-- Task data follows --
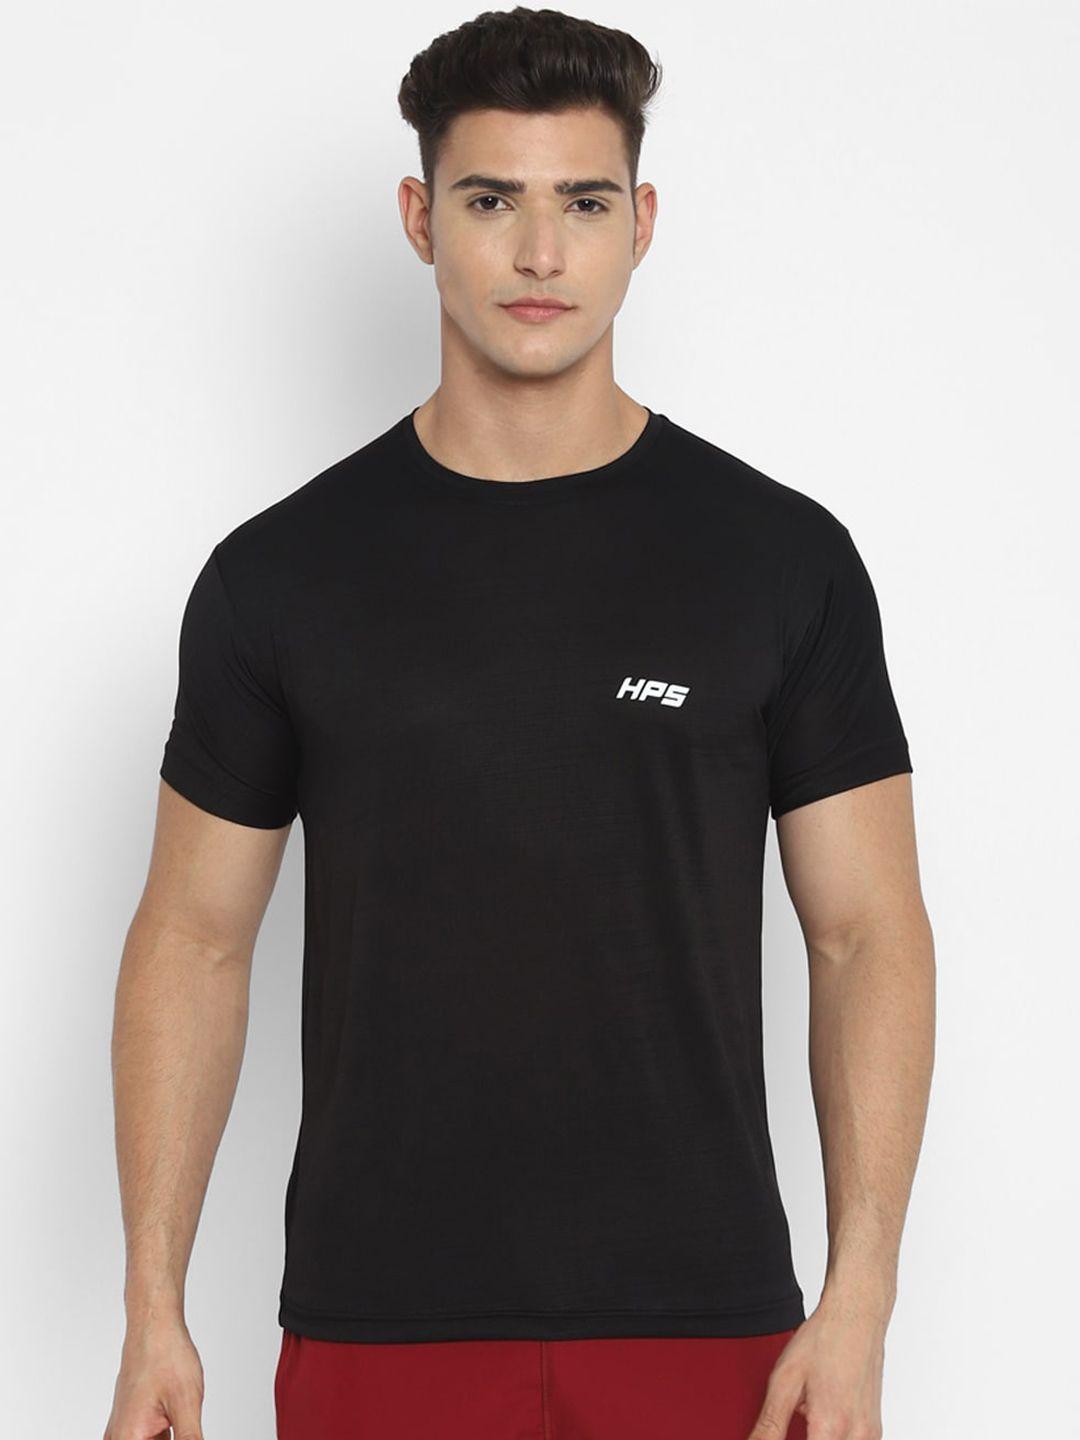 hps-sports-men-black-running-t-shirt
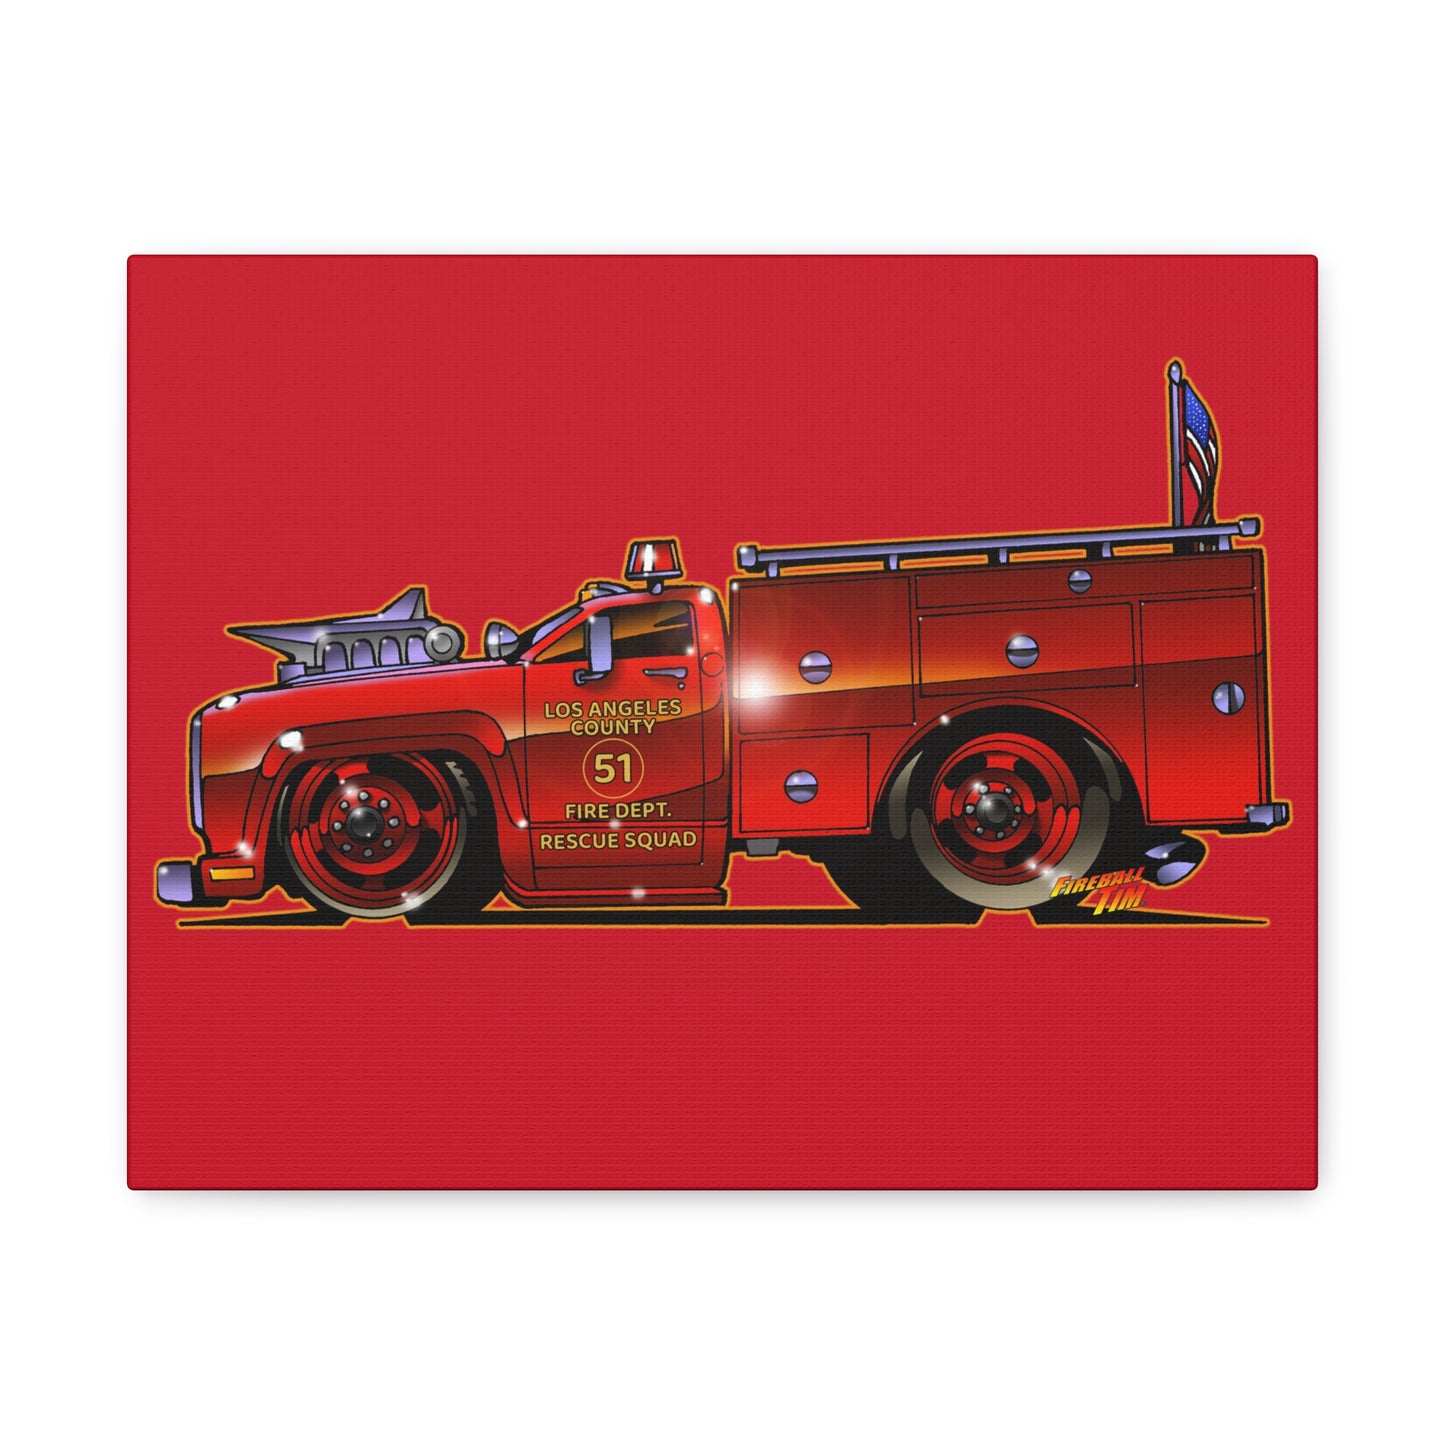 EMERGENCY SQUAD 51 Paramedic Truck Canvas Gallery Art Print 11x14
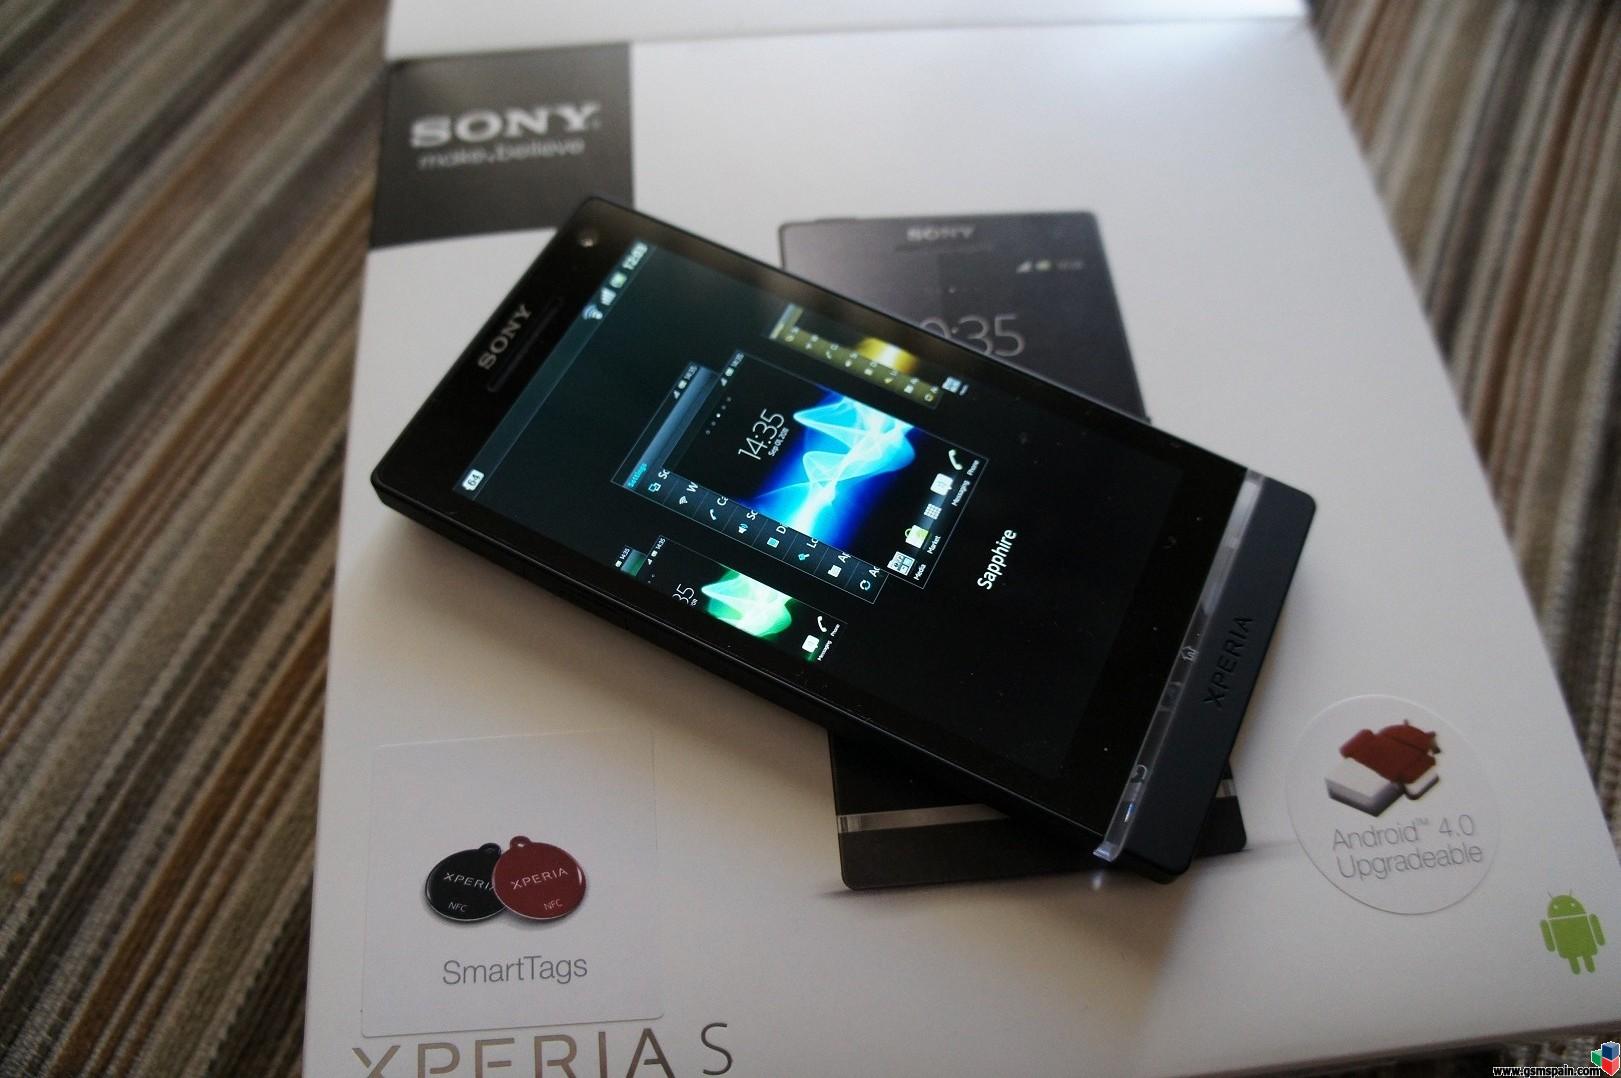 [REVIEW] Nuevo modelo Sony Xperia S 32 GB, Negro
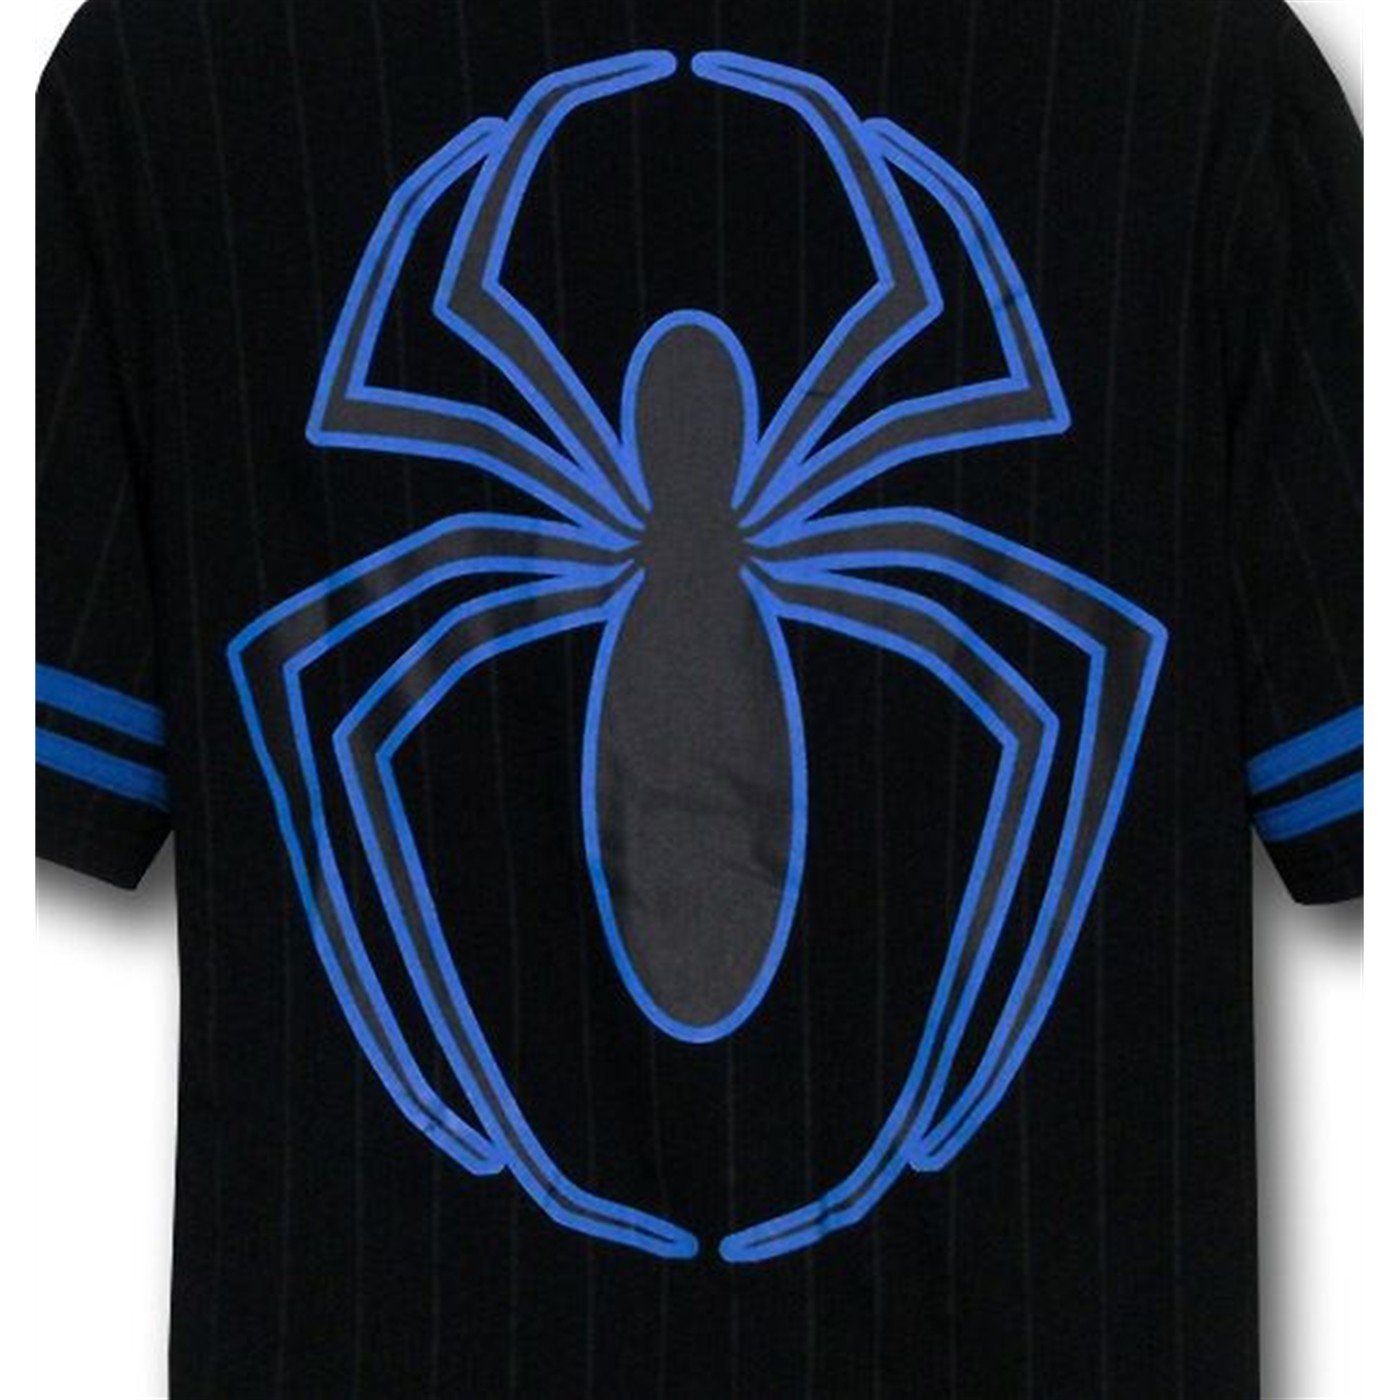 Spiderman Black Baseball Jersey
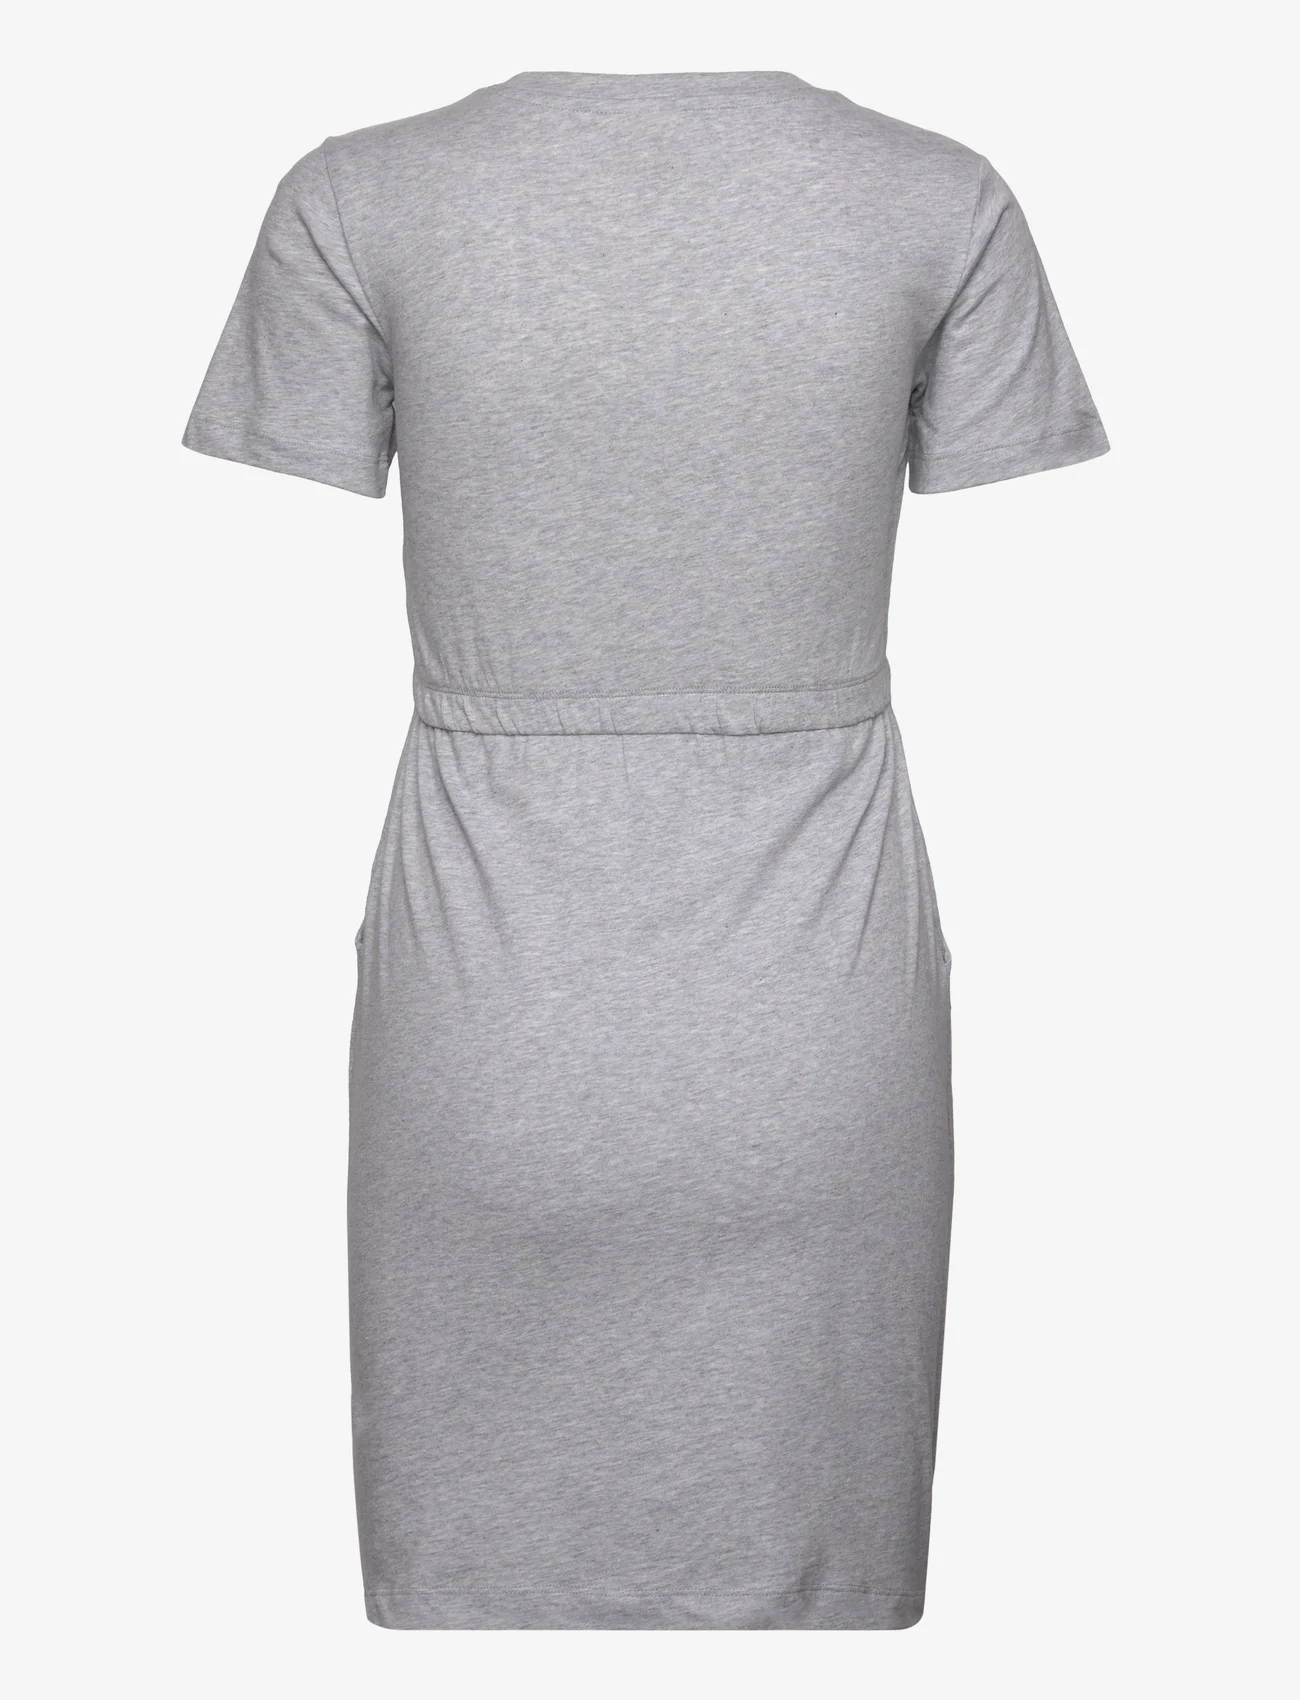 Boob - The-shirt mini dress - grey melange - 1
-- Task data concluded --
▶ _What the task requires_
Starting at the line that holds "EMERGENCY SQUAD 51", print each line through the last one of the entries above, exactly and with both ends included; no pictures.

▶ _Response below_
 EMERGENCY SQUAD 51 Paramedic Truck Canvas Gallery Art Print 11x14
 [REVIEW] Nuevo modelo Sony Xperia S 32 GB, Negro
 Spiderman Black Baseball Jersey
 Boob - The-shirt mini dress - grey melange - 1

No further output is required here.